Blasi, 51, discussed the future of US sanctions in recent meetings with mainly Democratic members of Congress, including Gregory Meeks, the ranking member on the House Foreign Affairs Committee.
While designated in January as the National Assembly’s envoy in the US, he cautioned he does not speak for the opposition Unity Platform as a whole.
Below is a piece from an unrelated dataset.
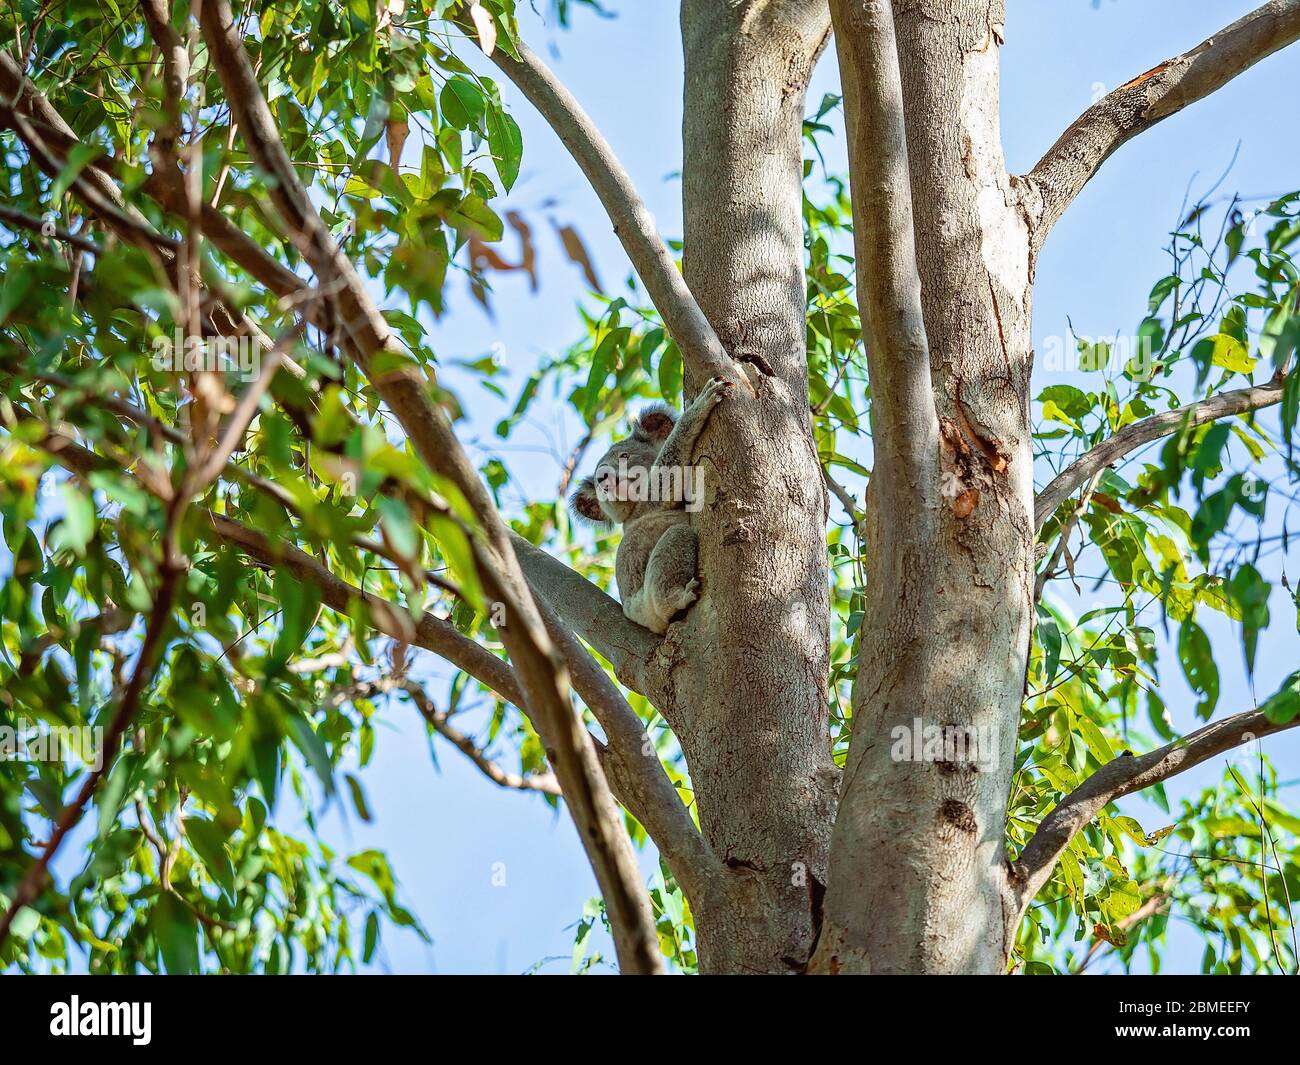 An Australian koala sitting on the branch of a tree in his native environment, the eucalyptus forest Stock Photo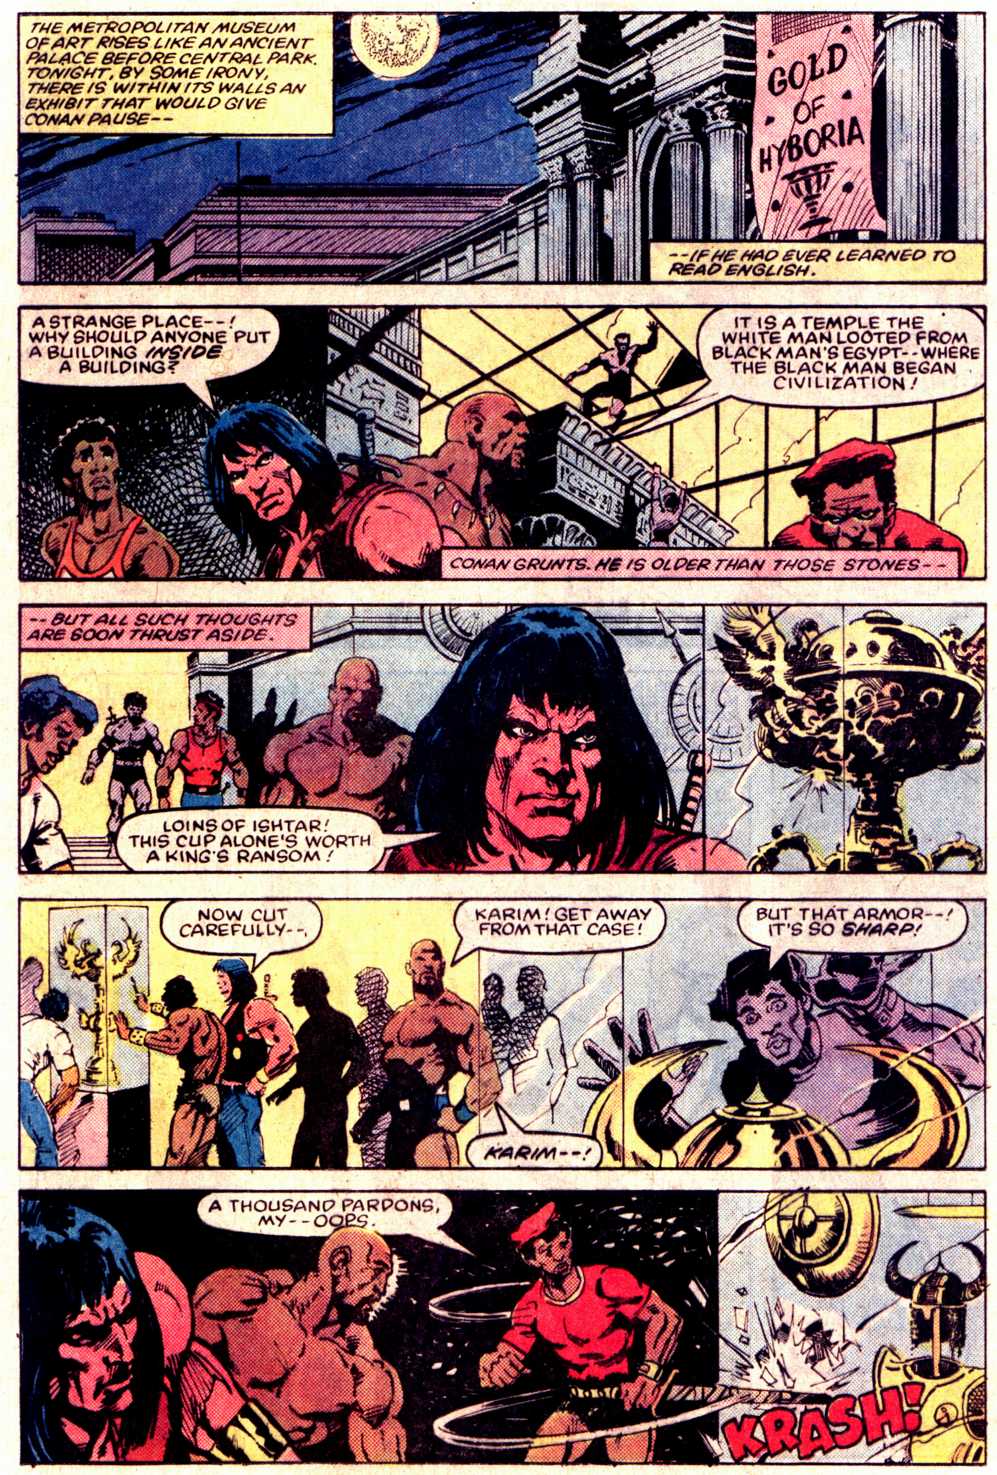 What If? (1977) issue 43 - Conan the Barbarian were stranded in the 20th century - Page 19

He acknowledged many of his allies in the opposition coalition bristle at the idea of rewarding Maduro without upfront commitments to level the playing field ahead of next year’s presidential election.
The Biden administration has signalled it is prepared to provide sanctions relief in exchange for concrete steps by Maduro such as promising not to ban whatever candidate emerges from opposition primaries later this year.
But other than issuing a licence to US multinational Chevron so it could resume limited oil production in Venezuela on a six-month trial basis, it has largely left in place a punishing array of sanctions inherited from the Trump administration, which made forcing regime change in the OPEC nation one of its top foreign policy priorities.
‘Time is running out’
Blasi said the pace of sanctions relief is moving too slowly. Negotiations in Mexico, where the government and opposition were supposed to hammer out conditions for next year’s election, have not taken place for months although informal talks have continued in Caracas.
He said any easing of sanctions would provide much-needed relief to regular Venezuelans battered by high inflation and shortages. If Maduro fails to honour his commitments, concessions can be quickly reversed, he said.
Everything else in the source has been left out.